* [EXERCISE GOAL] With the images removed, transcribe the listing that follows exactly.

++++ MATERIAL PROVIDED

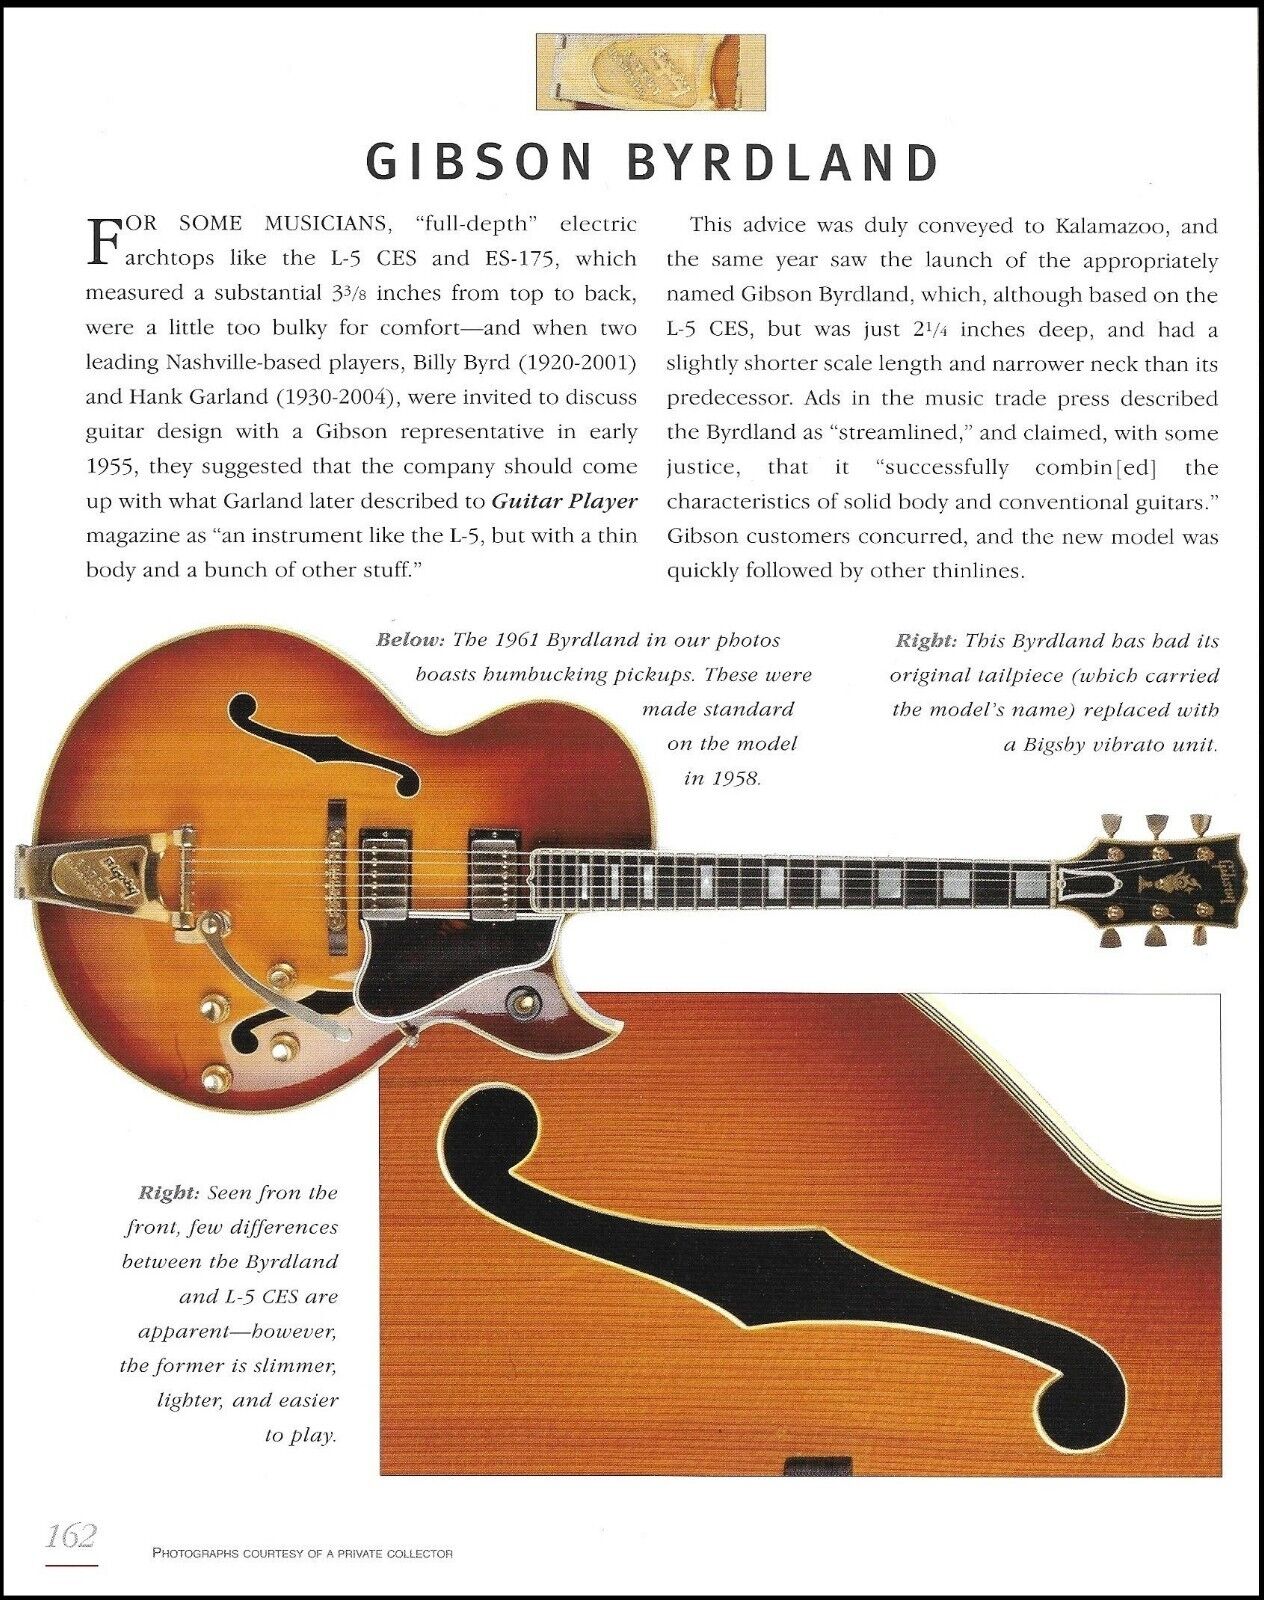 1961 Gibson Byrdland acoustic guitar 8.5 x 11 pin-up photo history article
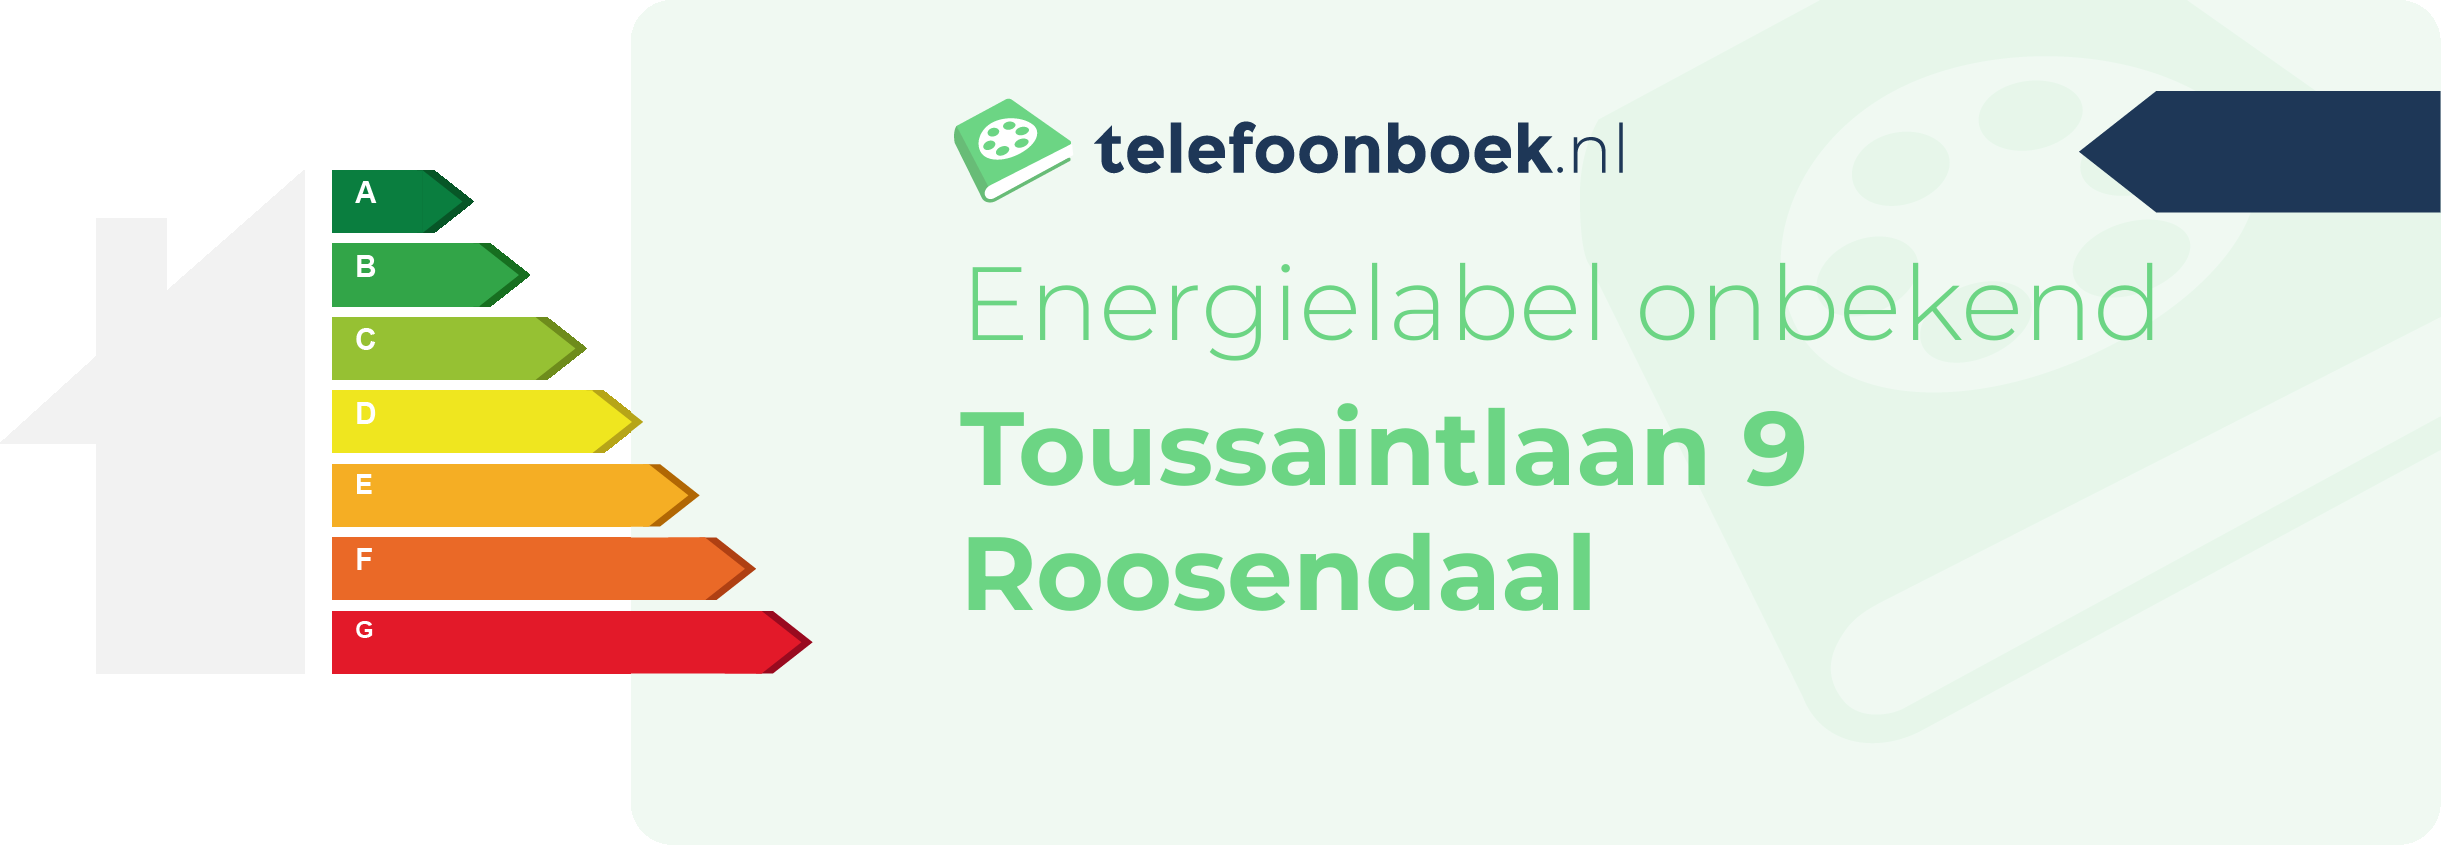 Energielabel Toussaintlaan 9 Roosendaal
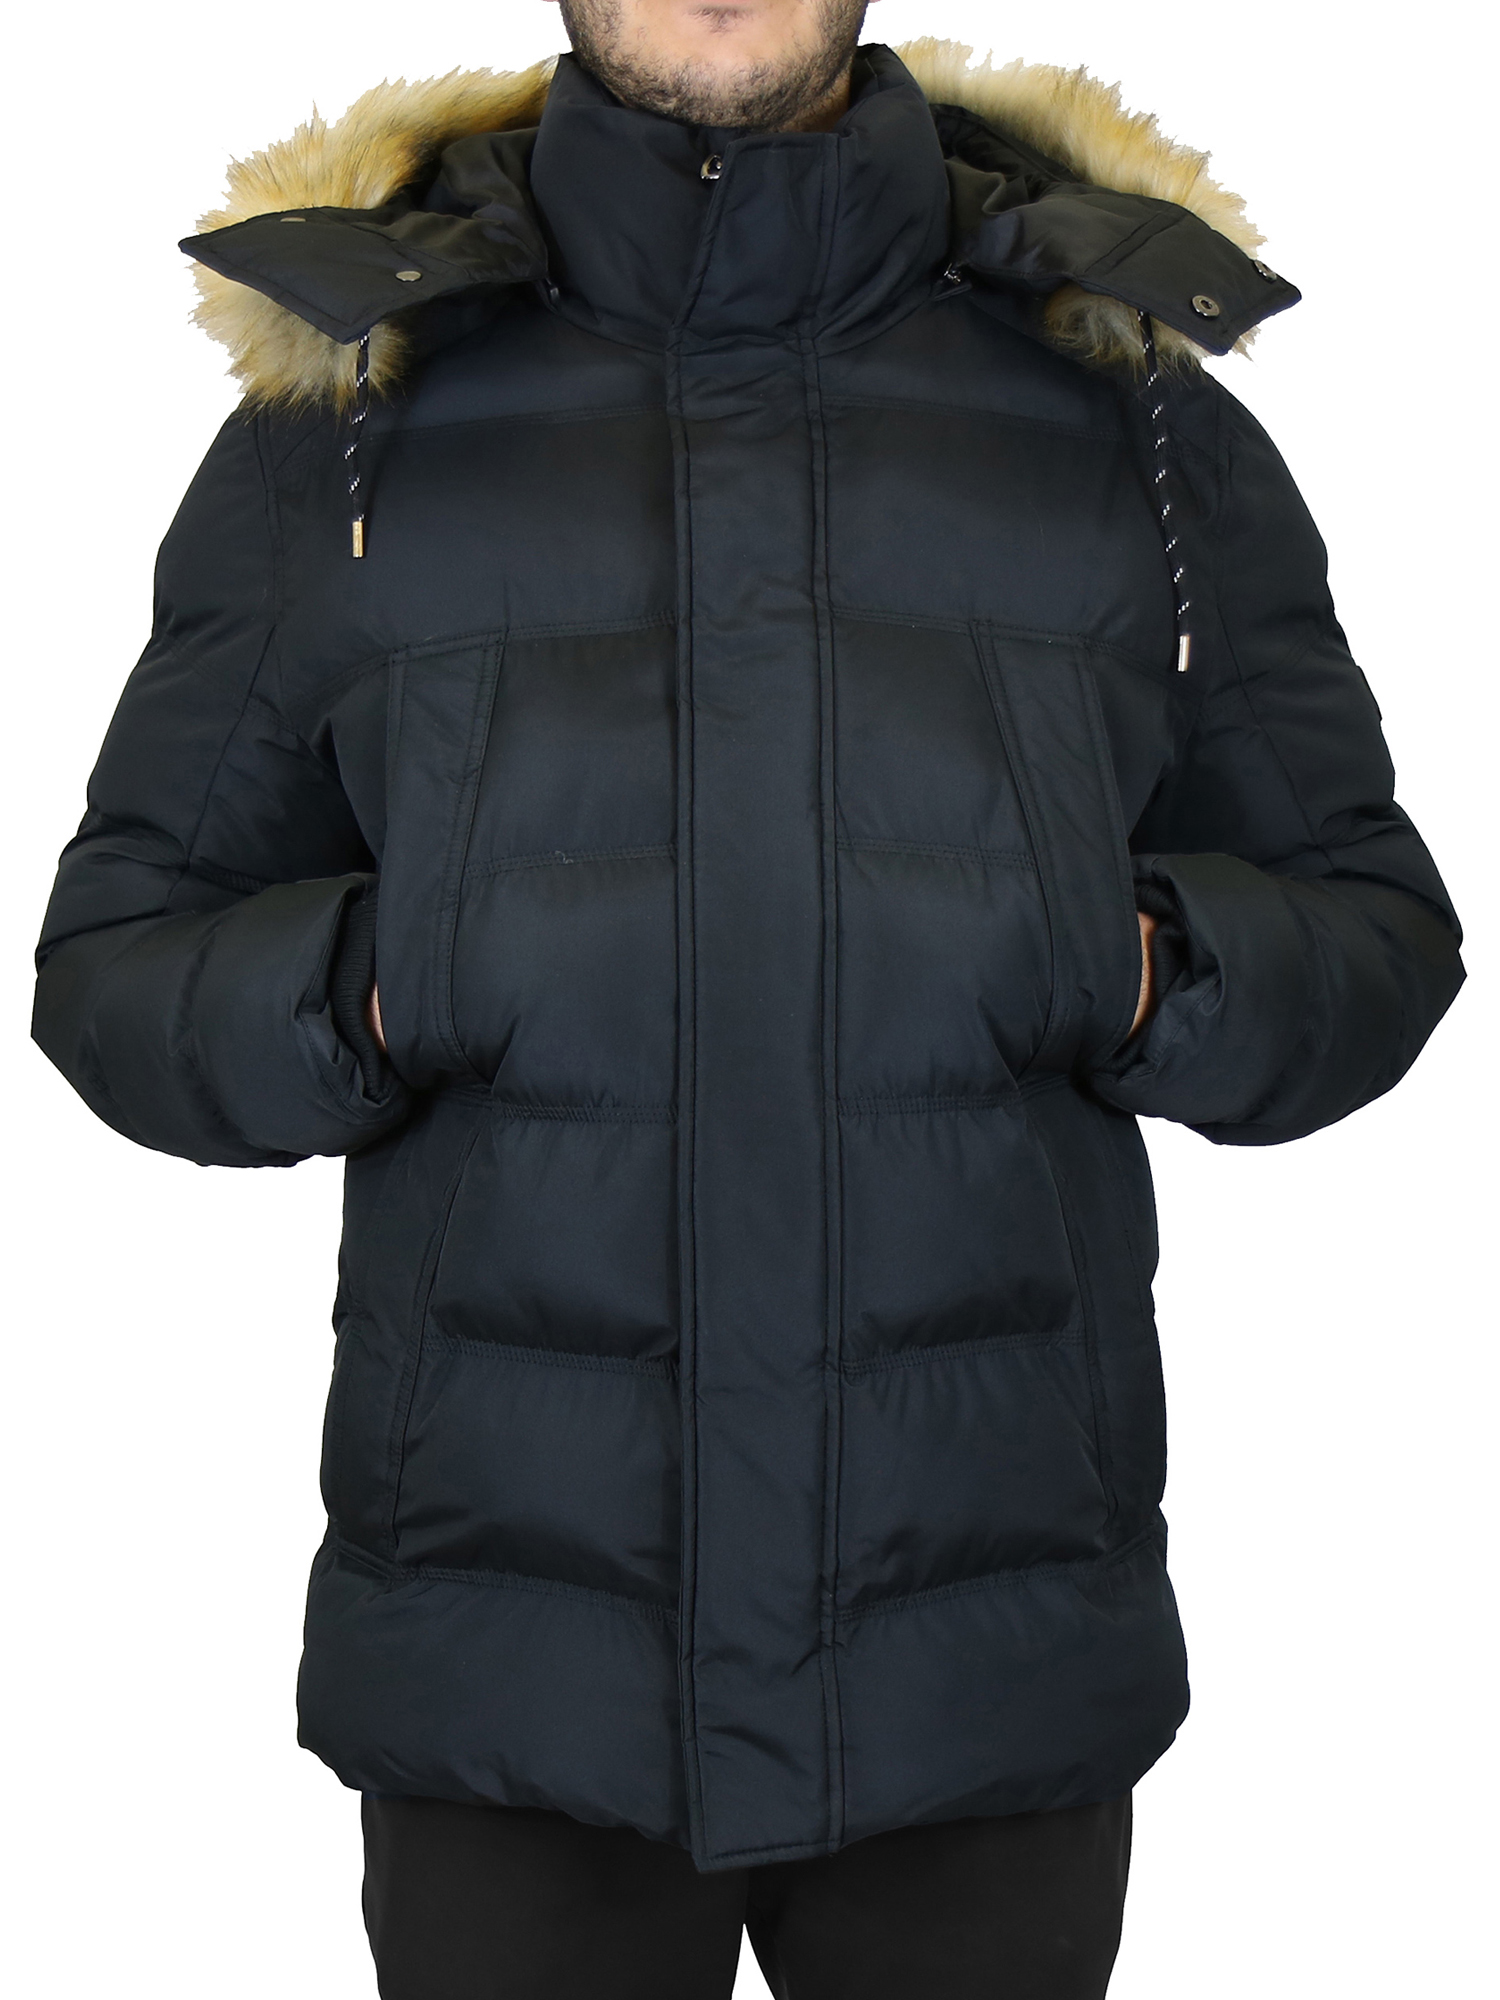 Men's Heavyweight Long Bubble Parka Jacket Winter Coat - image 1 of 5

++++++++

* [EXERCISE RESPONSE]
 1961 Gibson Byrdland acoustic guitar 8.5 x 11 pin-up photo history article
 Energielabel Toussaintlaan 9 Roosendaal
 Men's Heavyweight Long Bubble Parka Jacket Winter Coat - image 1 of 5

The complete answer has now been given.